PROBLEM TO WORK ON | Nothing in the data should change when you return it, but leave the pictures out.

PROVIDED DATA |
++++++++++
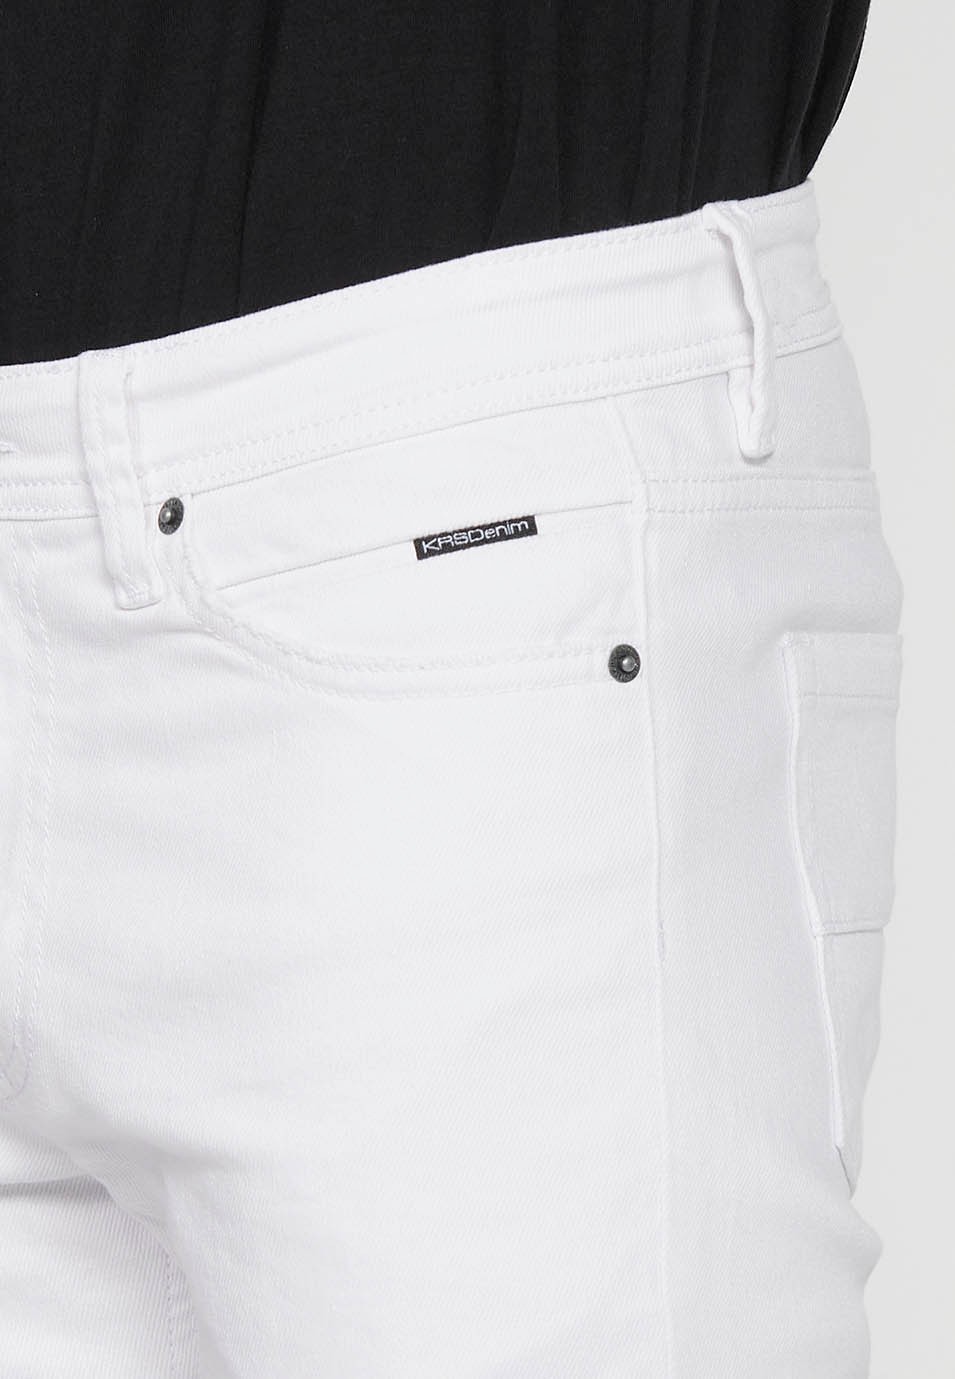 Pantalons jeans super skinny amb Tancament davanter amb cremallera i botó de Color Denim Blanc per a Home 1
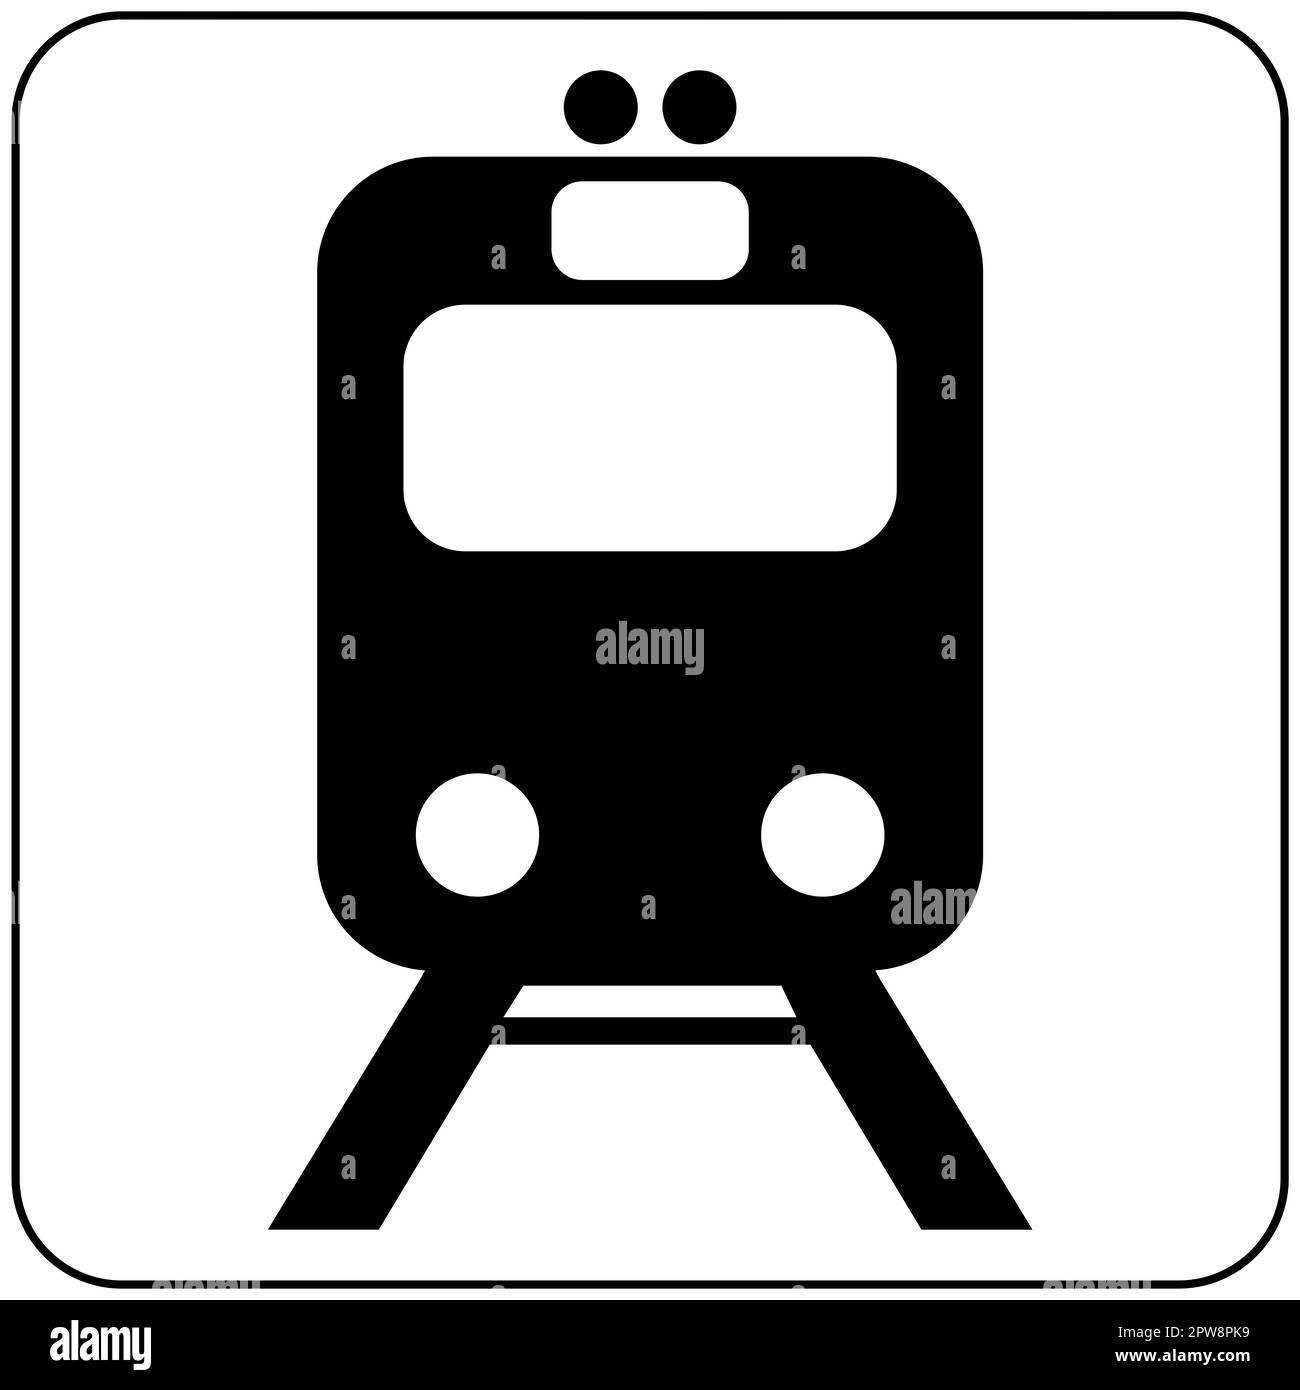 Pittogramma del Dipartimento dei Trasporti ferroviari Foto Stock
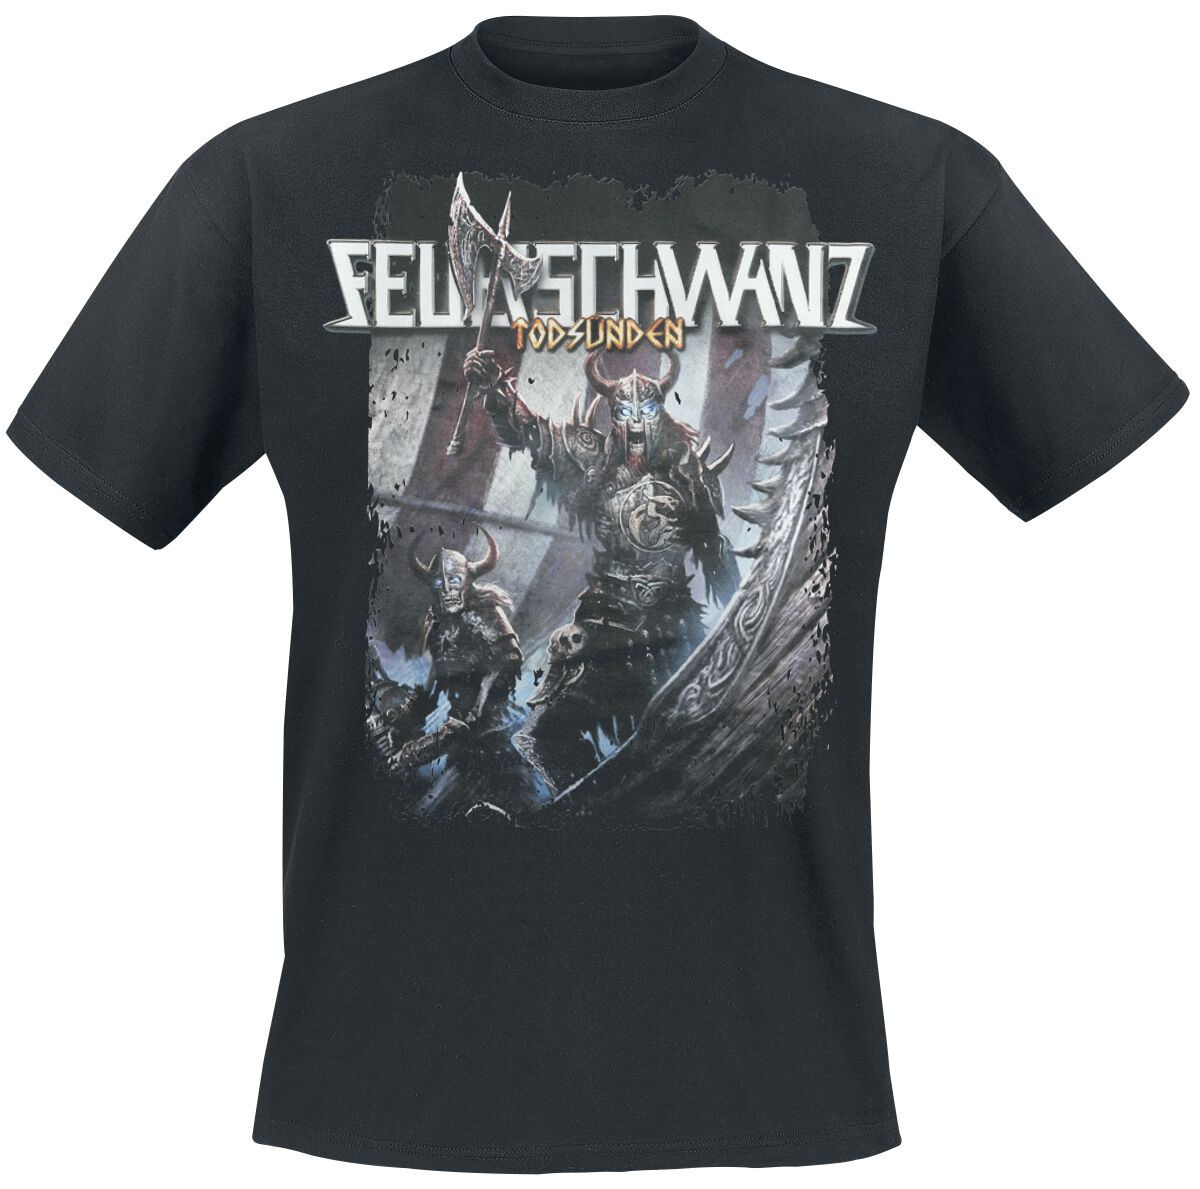 Feuerschwanz T-Shirt - Todsünden Viking - S bis L - für Männer - Größe L - schwarz  - EMP exklusives Merchandise!
++++++++++
REPLY TO THE EXERCISE |
 Pantalons jeans super skinny amb Tancament davanter amb cremallera i botó de Color Denim Blanc per a Home 1
 Pittogramma del Dipartimento dei Trasporti ferroviari Foto Stock
 Feuerschwanz T-Shirt - Todsünden Viking - S bis L - für Männer - Größe L - schwarz  - EMP exklusives Merchandise!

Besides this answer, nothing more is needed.